I won't go through the same analysis for 10-year survival for the sake of time, but we'll include the table so that people can see. The only thing I'd point out is, of course, the trends are even more dramatic when you start to go to 10-year survival. In other words, the difference between stage one and stage two survival versus stage four survival at 10 years is even a bigger chasm. So why do I bring this all up? Well, I bring this up to say that
that despite all of the advances we've had in the past 20 years, and clearly hormone therapy for breast cancer and immunotherapy for a number of other cancers, particularly checkpoint inhibitors, still leave us with a lot to be desired, especially when it comes to late stage cancer.

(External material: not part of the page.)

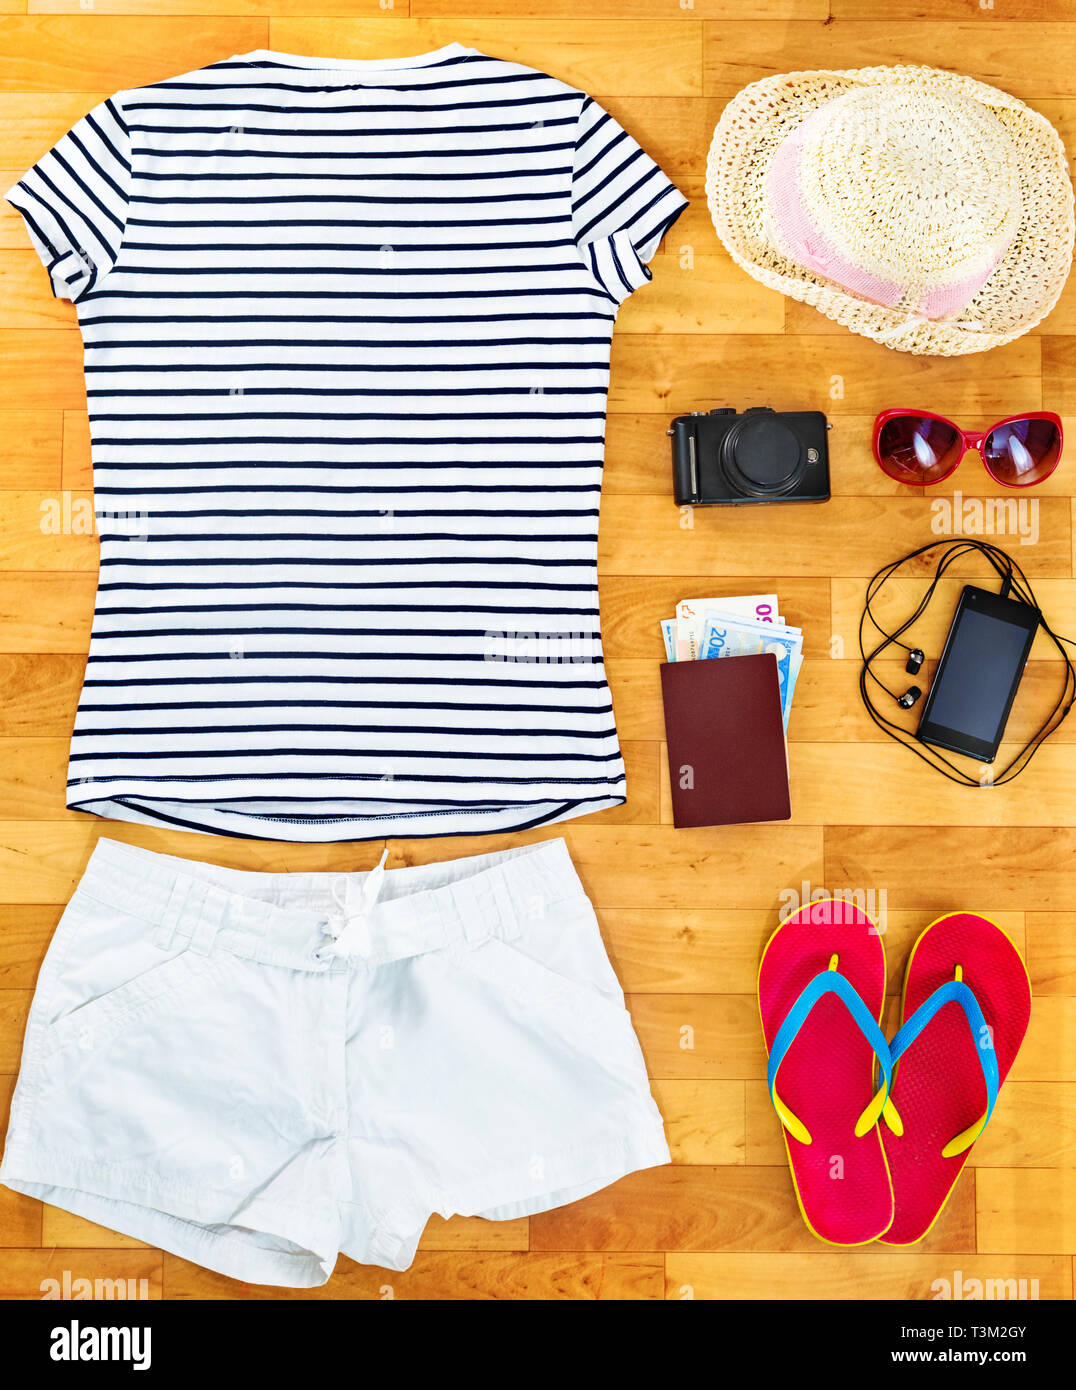 packing suitcase for summer vacation Stock Photo

I think that just leaves anyone who thinks about this realizing if you're going to get cancer, you certainly do not want to be in the position where that diagnosis is being made once the cancer is advanced, once the cancer has had a chance to spread. You really want to be able to diagnose cancer and manage it when it's in the stage one, stage two phase.
Peter, I think that leads to one of the questions that we get asked about by far the most, which is people reading stories, reading studies, and really wondering, do clinical trials on cancer screening show any benefits in reducing cancer deaths? This is really the crux of what we're here to talk about today because this has become a controversial topic.